正直いって、かつての勢いは今のテレ朝にはない。その多くが深夜からゴールデンに昇格したことで番組の深度を失い、失速していってしまったからだ。だが、そんな中で、かつて深夜バラエティで元気だった頃のエッセンスを色濃く感じさせる番組が『しくじり先生 俺みたいになるな!!』だ。やはりこの番組も、もともとは深夜に放送されていた番組。それが今年4月からゴールデンに昇格した。
ゴールデンに移動したことで番組の形が変わってしまうことが懸念されたが、今のところそれは杞憂に終わり、数々の名作回を作っている(ただし、2~3時間スペシャルの乱発で、視聴者にとっては視聴習慣が付きづらい状況になってしまっているのはもったいない)。毎回、数十分という長時間にわたって、一人の先生役が授業を行うという形式。
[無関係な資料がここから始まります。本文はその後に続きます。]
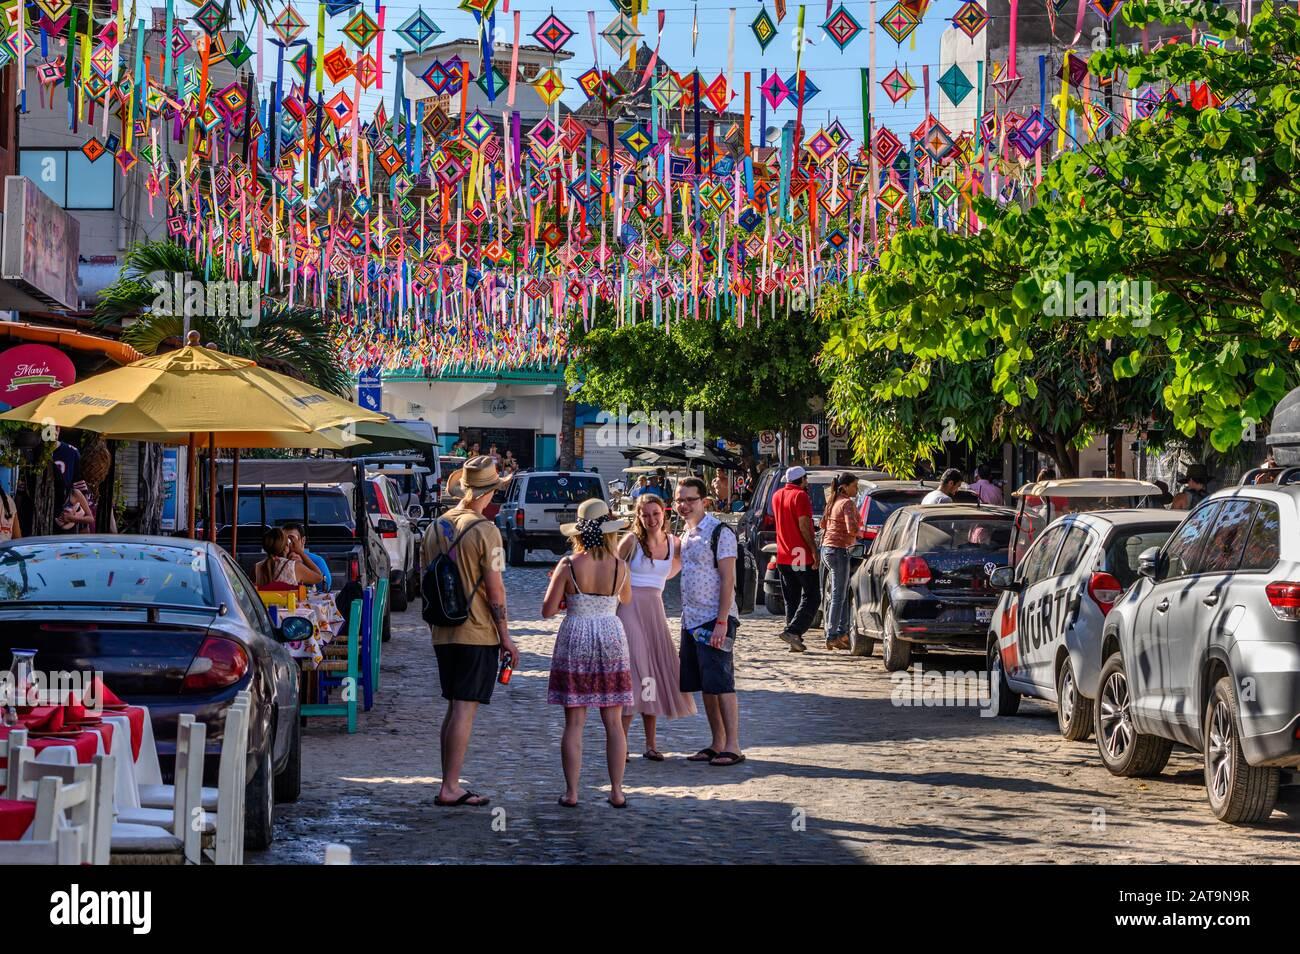 Besucher, die Selfies in Sayulita, Riviera Nayarit, Mexiko einnehmen. Stockfoto

視聴者に飽きさせない画変わりが重要視される「今のテレビ」では成功しない、とされていたスタイルだ。特に、ゴールデンでは敬遠される。
しかし、一から「教科書」を作り、それを元に、本当の授業と同じように講義をするというドキュメント性が相まって、毎回熱のこもった放送となっている。
「今のテレビではできない」なんてことはない。工夫をすれば、逆に「テレビでしかできない」ことに変わる。それができた時、「今のテレビではできない」が壮大なフリになって、強烈なインパクトを残すことができるはずなのだ。